## YOUR INSTRUCTIONS:
Return exactly the lines below, starting with the one that has "Laura Anderson Looks" and going on through the one that has "Federer videoanalisis".

## DATA SUPPLIED:
——————————

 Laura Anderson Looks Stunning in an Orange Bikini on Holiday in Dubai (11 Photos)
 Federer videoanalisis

——————————

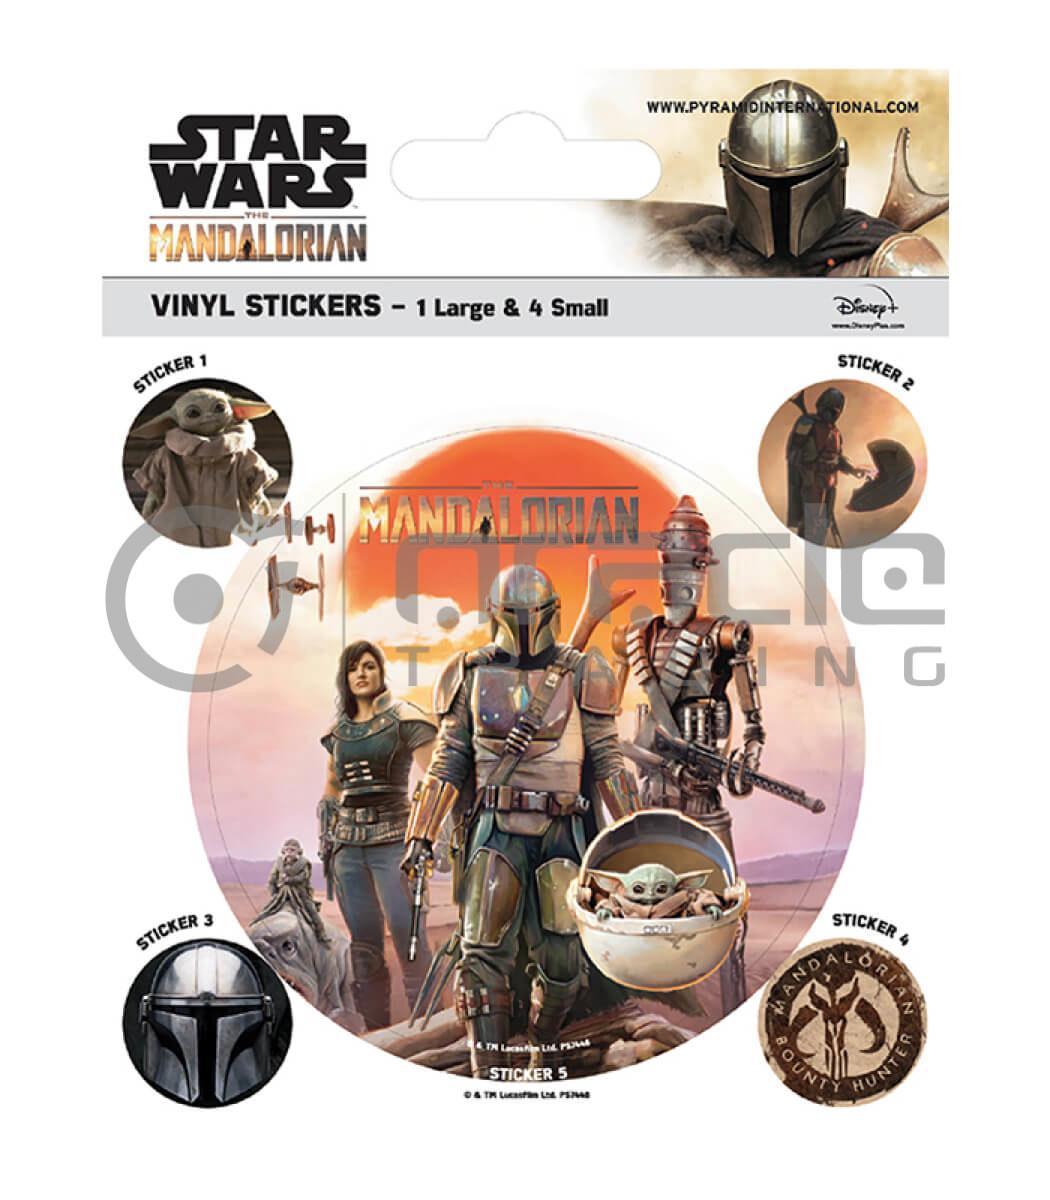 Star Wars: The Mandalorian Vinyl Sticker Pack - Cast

——————————

## REPLY TO THE TASK:
 Laura Anderson Looks Stunning in an Orange Bikini on Holiday in Dubai (11 Photos)
 Federer videoanalisis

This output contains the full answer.